# Local shop just organized



## knowshorts (Jan 9, 2009)

Those sound like questions that your local would have the answer to. From what I have read here, there seems to be no continuity between different locals, so peoples answers might not be relevant.


----------



## mikeh32 (Feb 16, 2009)

As a c card i can work in any local i want... not sure how that works for everyone else


----------



## Bob Badger (Apr 19, 2009)

mikeh32 said:


> As a c card i can work in any local i want... not sure how that works for everyone else


Not sure what you would be doing for them here in MA? 'C-Card' or not you would need to have a MA Journeyman License.


----------



## slickvic277 (Feb 5, 2009)

What's a "C" card?


----------



## mikeh32 (Feb 16, 2009)

Bob Badger said:


> Not sure what you would be doing for them here in MA? 'C-Card' or not you would need to have a MA Journeyman License.


No. you are wrong, but its ok. you would not know this unless you are a c card. i can work anywhere in the country. 

http://www.ibew.org/articles/03journal/0305/p10.htm

check it out. some cool **** eh?


----------



## brian john (Mar 11, 2007)

slickvic277 said:


> What's a "C" card?


It is issued to very special women, those that drive you to drink, wish you were a hermit or commit suicide.


----------



## slickvic277 (Feb 5, 2009)

brian john said:


> It is issued to very special women, those that drive you to drink, wish you were a hermit or commit suicide.

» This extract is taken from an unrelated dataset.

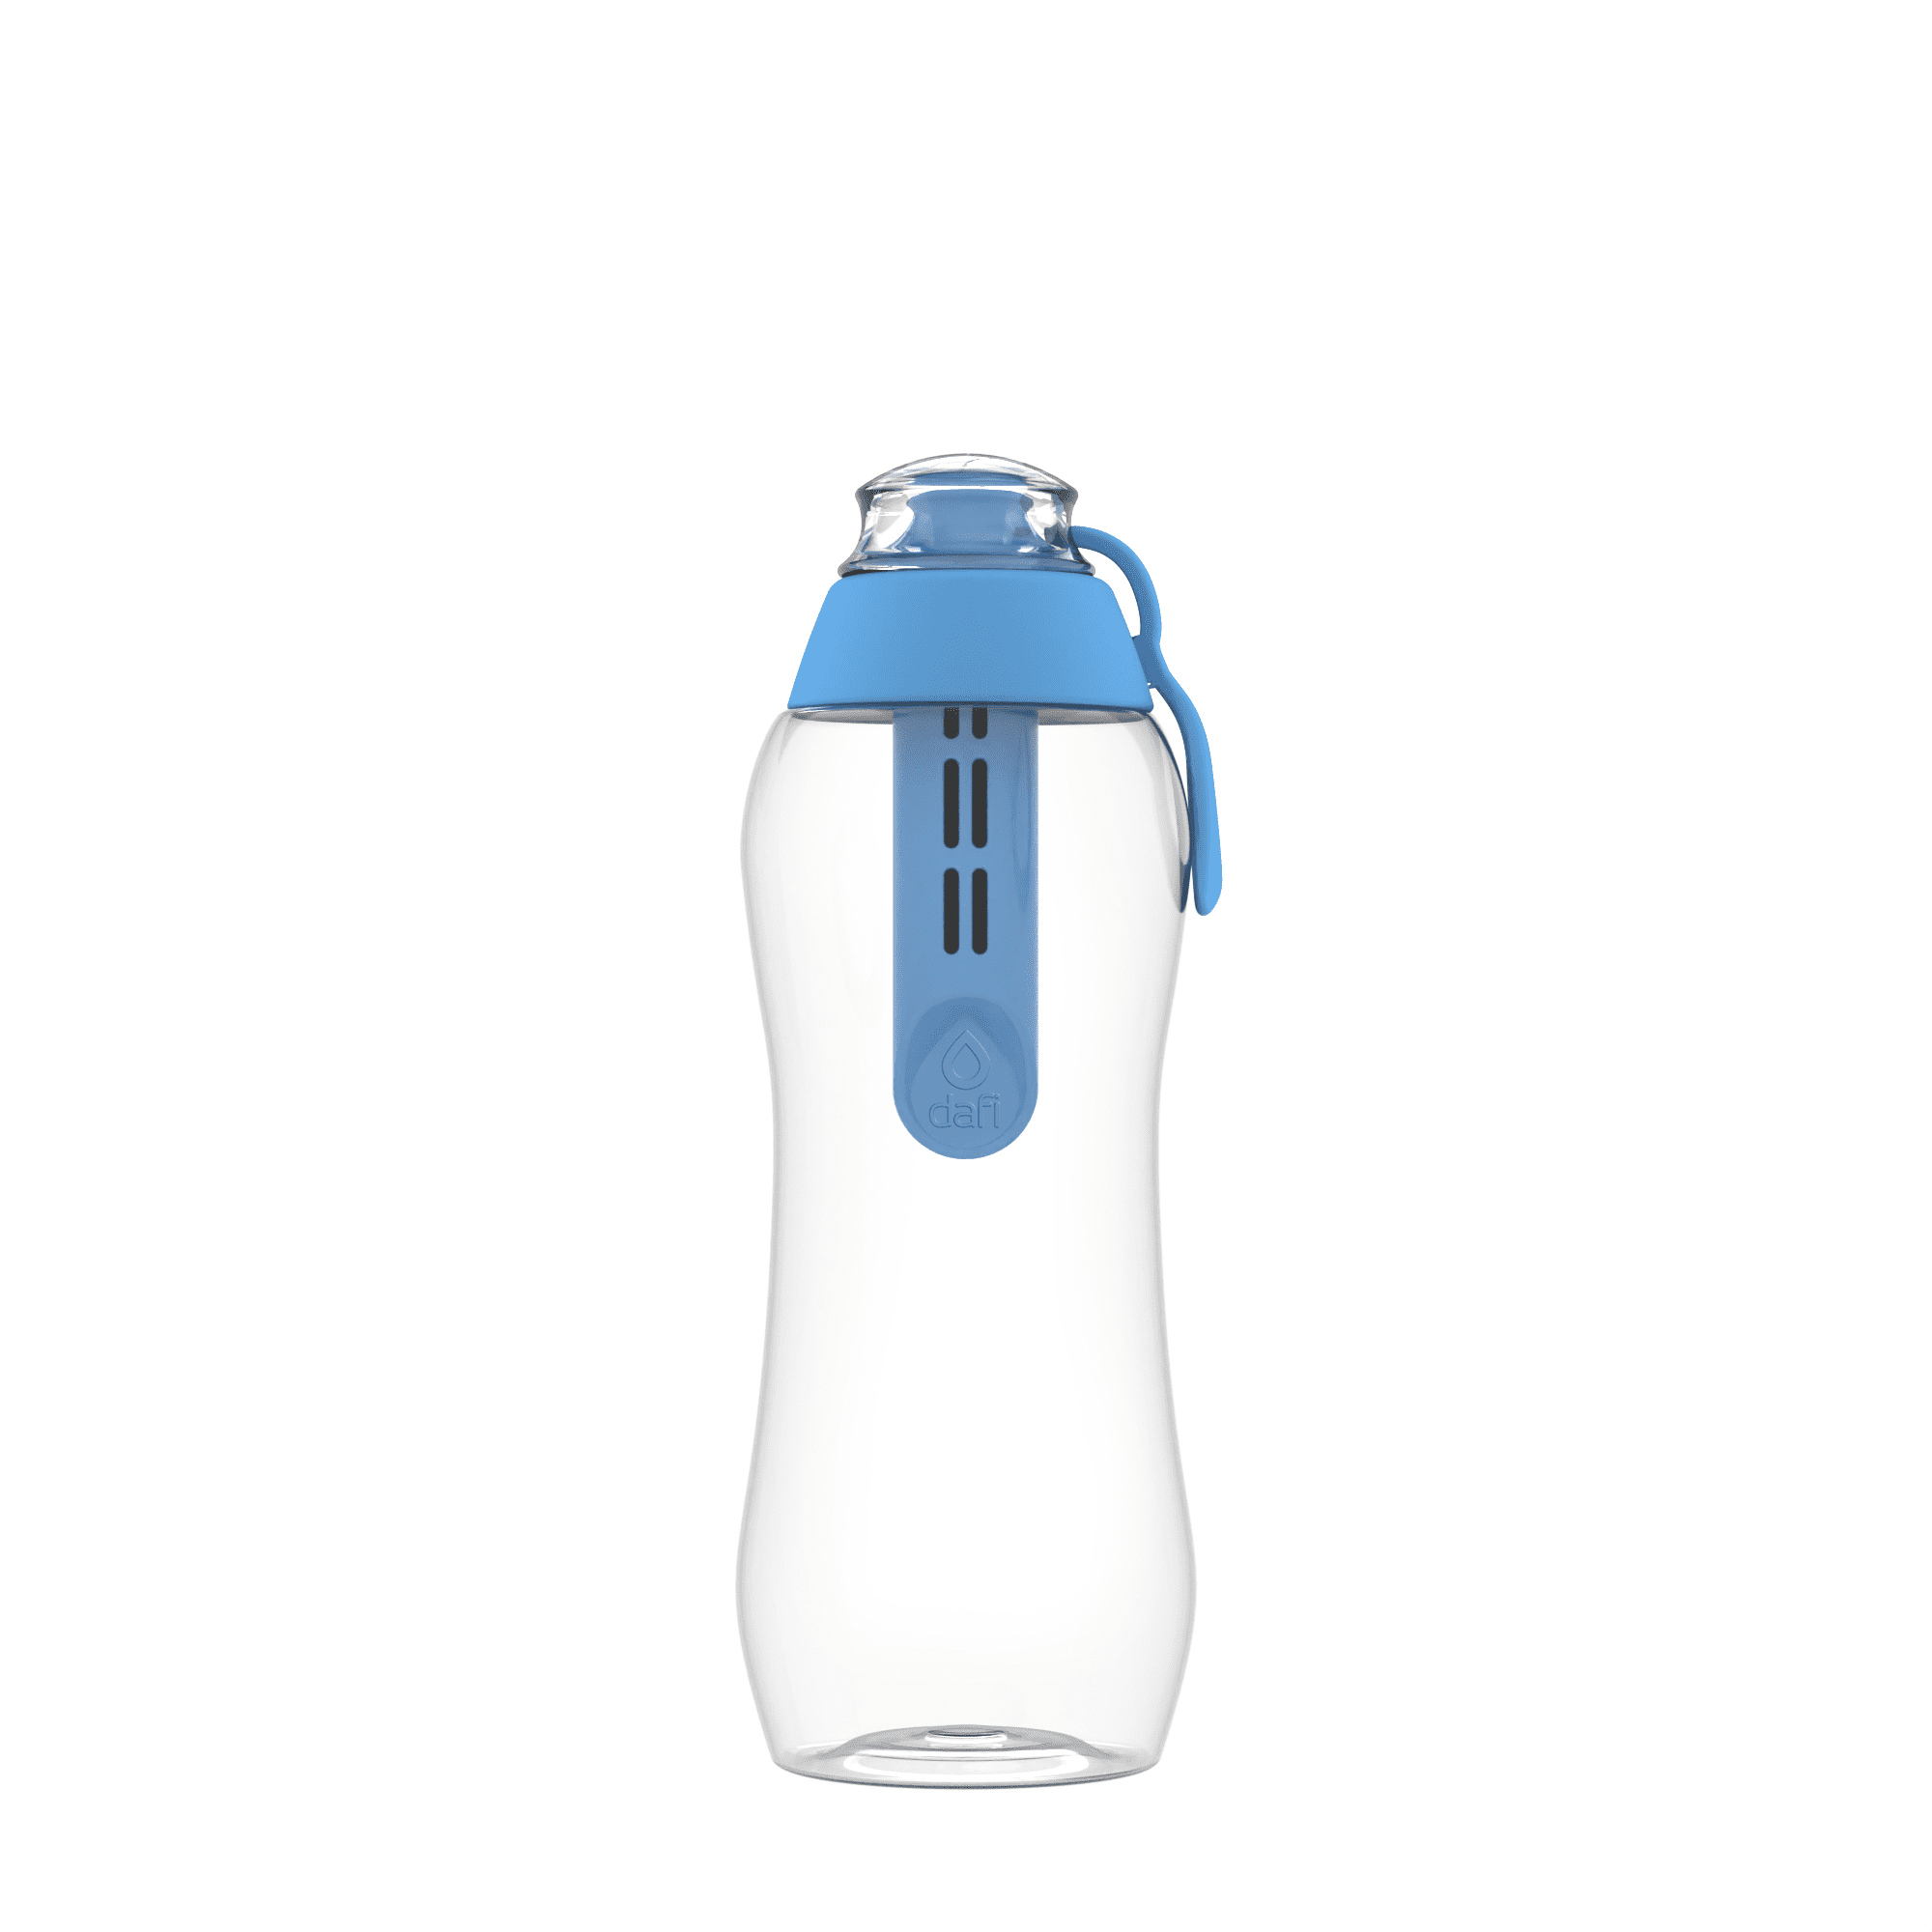  Cirkull 22oz Plastic Water Bottle with Blue Lid and 5 Flavor  Cartridges Variety Delicious (Fruit Punch - Mixed Berry - Random Tea Flavor  - 2 Random Flyte Flavor) : Sports & Outdoors

OOOHHHH, I avoid those kinda cards. I'm an "A" . I guess that makes sense.:jester:


----------



## slickvic277 (Feb 5, 2009)

mikeh32 said:


> No. you are wrong, but its ok. you would not know this unless you are a c card. i can work anywhere in the country.
> 
> http://www.ibew.org/articles/03journal/0305/p10.htm
> 
> check it out. some cool **** eh?


You do know that the IBEW classifications don't over ride a local state/municipalities/AHJ requirements, right?


----------



## Bob Badger (Apr 19, 2009)

mikeh32 said:


> No. you are wrong, but its ok. you would not know this unless you are a c card. i can work anywhere in the country.
> 
> http://www.ibew.org/articles/03journal/0305/p10.htm
> 
> check it out. some cool **** eh?



:laughing::laughing::laughing:

Your IBEW card is cute but you would still need a sate issued MA journeyman card to do electric work here and we don't reciprocate with many areas.


----------



## miller_elex (Jan 25, 2008)

I am anywheres between an 'A' cup and a 'B' cup, depending on how much H2O retainage I've got going on. 'C' cup could be on the distant horizon though, not looking forward to those days.


----------



## mikeh32 (Feb 16, 2009)

i never wanted an a card, due to my background. im a systems engineer.


----------



## slickvic277 (Feb 5, 2009)

amptech said:


> A small local EC just organized last week. 2 man company where the owner is a lineman for one of the local PoCos and he employs a guy with no formal training as a helper who does jobs for him during the day while he is at work for the PoCo. The owner couldn't join the local IBEW because he already belongs to another local as a lineman. The employee tested in as an "Outside Wireman". My question is, can the owner still work on jobs without being a member of the local and can the employee work unsupervised on jobs by himself? By the way, the owner hasn't had any formal training as an electrician either and recently sat for and fell 4 answers short of passing the Experior Master's exam. How does this work?



Back to the OP,

I dunno I'm all for anyone, contractor, or labor organizing into a local union but this seems a little weird to me. What's the point of bringing in a one man half-ass shop??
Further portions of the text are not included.